Agresif eylemler şu şekilde hareket eder:

    k.-l'ye ulaşmanın yolu. anlamlı hedef;

    psikolojik rahatlamanın bir yolu;

    kendini gerçekleştirme ve kendini onaylama ihtiyacını karşılamanın bir yolu.

Saldırganlık, kişinin hedeflerine ulaşmak için şiddet içeren araçları kullanma isteği ve tercihinden oluşan bir kişilik özelliğidir. Saldırganlık, amacı belirli bir kişiye zarar vermek olan yıkıcı eylemlerde saldırganlığın tezahürüdür. Farklı bireylerdeki saldırganlığın şiddeti değişen derecelerde olabilir; neredeyse tam yokluk Maksimum gelişime. Muhtemelen uyumlu bir şekilde gelişmiş bir kişiliğin belirli bir dereceye kadar saldırganlığa sahip olması gerekir. Bireysel gelişim ve sosyal uygulama ihtiyaçları, insanlarda engelleri kaldırma ve hatta bazen bu sürece engel olan şeyin fiziksel olarak üstesinden gelme yeteneğini oluşturmalıdır. Tam bir saldırganlık eksikliği, esnekliğe ve yaşamda aktif bir pozisyon alamamaya yol açar. Aynı zamanda, vurgu türüne göre aşırı saldırganlık gelişimi, kişiliğin tüm görünümünü belirlemeye başlar, onu sosyal işbirliği yapamayan, çatışmacı bir kişiye dönüştürür ve aşırı ifadesiyle bir patolojidir (sosyal ve klinik) : Saldırganlık rasyonel-seçici yönelimini kaybeder ve kendisini haksız düşmanlık, kötülük, zulüm ve olumsuzlukla gösteren alışılmış bir davranış biçimi haline gelir.
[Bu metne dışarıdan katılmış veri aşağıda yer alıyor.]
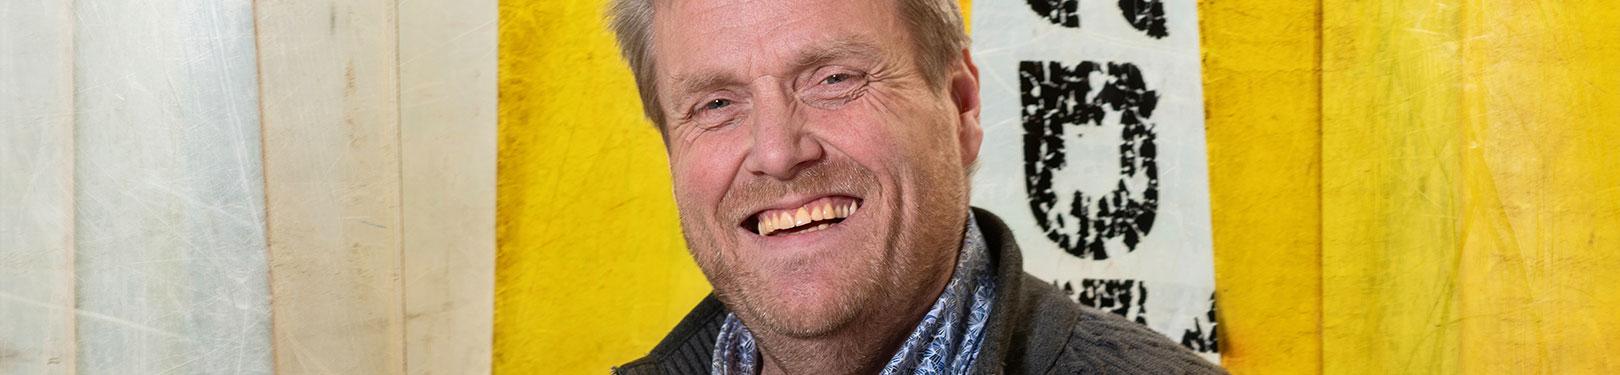 Ed van der Pijl

Agresif belirtiler şunlar olabilir:

    Belirli bir hedefe ulaşmak için bir araç,

    Engellenen bir ihtiyacın yerini alan psikolojik rahatlamanın bir yolu,

    başlı başına bir son,

    kendini gerçekleştirme ve kendini onaylama ihtiyacını karşılamanın bir yolu.

Dolayısıyla insan saldırganlığı heterojendir, zayıftan aşırıya doğru değişir ve yöntemi ve amacı bakımından farklılık gösterir. Çeşitli yöntemlerin saldırganlık parametrelerini farklı olarak ayırt etmek mümkündür:

    saldırganlığın yoğunluğu, zulmü;

    belirli bir kişiyi veya genel olarak tüm insanları hedef almak;

    Saldırgan kişilik eğilimlerinin durumsallığı veya istikrarı.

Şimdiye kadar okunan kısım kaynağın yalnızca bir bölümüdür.